Sen. Suzanne Geist of Lincoln has backed the proposed policy, saying it “protects the health clinics’ ability to provide the best healthcare for men and women by ensuring that Nebraska’s Title X dollars are not compromised.”
Ricketts said the state budget rules “can ensure that those health care dollars that we’re getting from the federal government are not being used to provide or subsidize abortion.”
“That is something that is not unwarranted in our budget,” he said, pointing to similar provisions barring funding for biomedical research involving human fetuses.
He compared the limits to other rules like the Mexico City Policy, which bars federal funding for overseas organizations that promote or perform abortions.
Sen. Patty Pansing Brooks of Lincoln, however, objected to the ban on funds for abortion providers and characterized it as a policy statement.
“What social policy is going to be in the budget next?” she said, the Lincoln Journal-Star reports. “We could talk about gambling and helmets and property taxes and environmental issues. Let's just put it all in the budget and then we don't have to have bills or committee hearings.”
About $1.5 million in Title X grants goes through the Nebraska Department of Health and Human Services, aiming to provide services like well-woman exams, STD testing and treatment, HPV testing and vaccinations, and contraception.

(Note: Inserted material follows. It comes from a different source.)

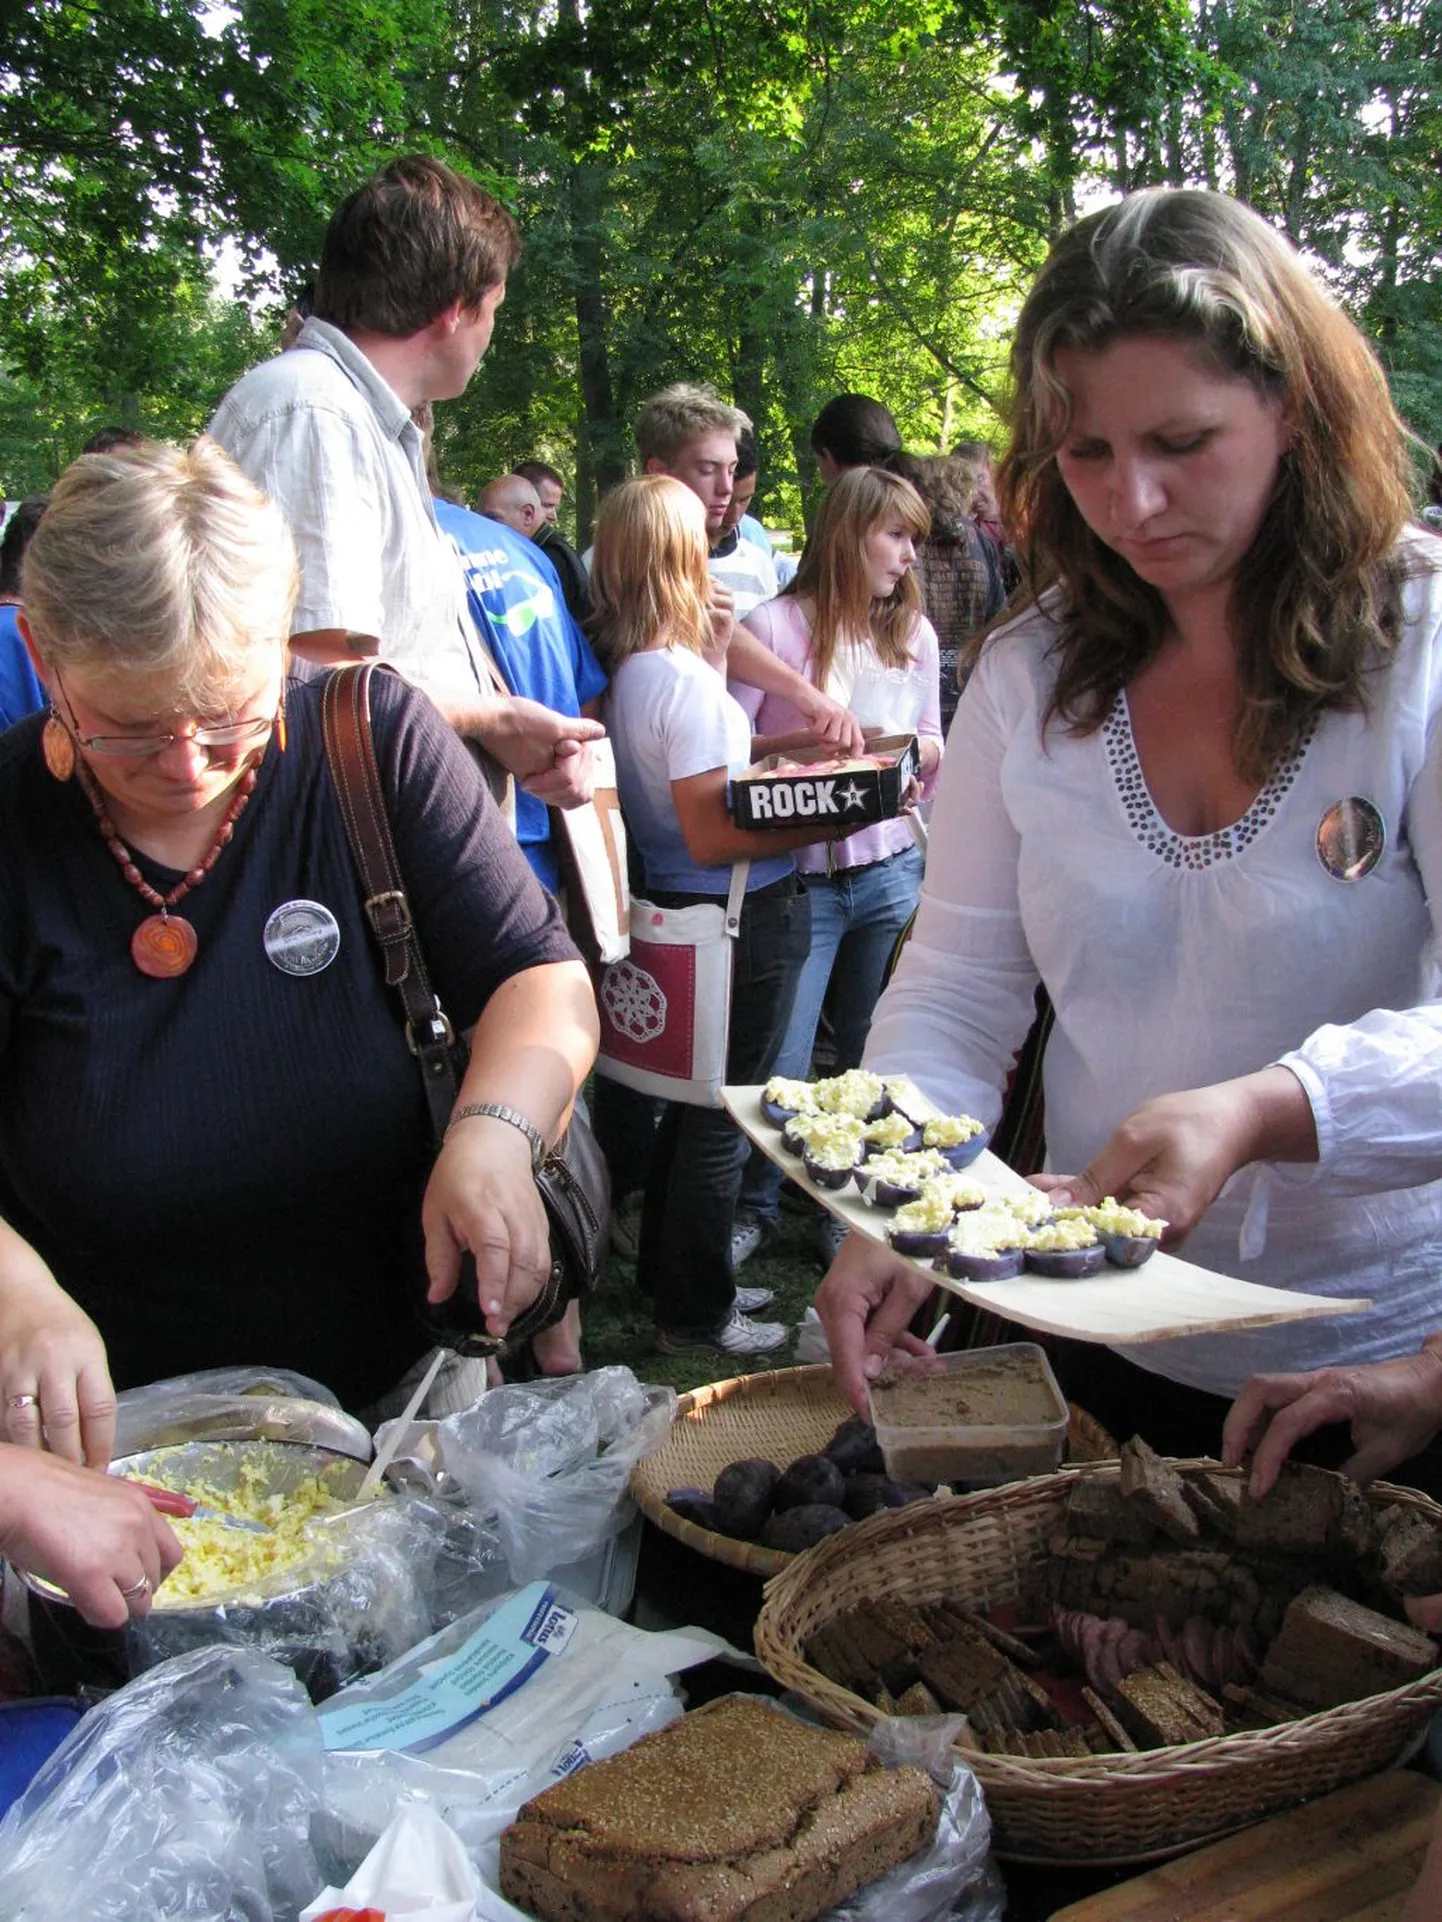 Pärnumaa esinduse köögipool maakondade toite tutvustaval õhtusöögil Rannu pargis, siniseid keedukartuleid ja munavõid serveerivad (vasakul) Urve Selberg Saulepist ja Õnne Salk Tõhelast.

The leading grant recipient is Planned Parenthood of the Heartland, which receives about $300,000 per year, according to the Nebraska Catholic Conference.
“Whether it is direct or indirect, tax payer money should not go to abortion services,” said Venzor. “The pro-life provision in the state budget simply keeps these clinics accountable and ensures that taxpayer dollars are not used for the killing of unborn life.”
In January, the Omaha World-Herald said the provision would cut funding from Planned Parenthood.
Planned Parenthood of the Heartland said the money helps its clinics serve about 8,000 patients. Its clinics in Omaha and Lincoln also perform abortions.
Ricketts told CNA it was “absolutely false” to claim the funding rules would limit women’s services.
“The exact same amount of dollars will be spent after we pass this bill, with this budget language in it, as was being spent before,” he said. “Anybody is able to apply for those dollars.”
“The clear majority of legislators want to have this Title X language in there,” Ricketts said. He accused three members of the appropriations committee of voting the bill out of committee then working to undermine it.
“They’re playing reckless games with the budget process. If they had a problem with this bill, they ought to not have voted for it out of committee,” he said. “The legislature still has time to address this. They still have plenty of time to go back and pass this bill.”
Venzor encouraged voters and legislators in other states who want to implement similar restrictions on Title X money to contact the Nebraska Catholic Conference.
“We’re all working hard across the country to defend life and advance the common good, and we should learn from each other,” he said.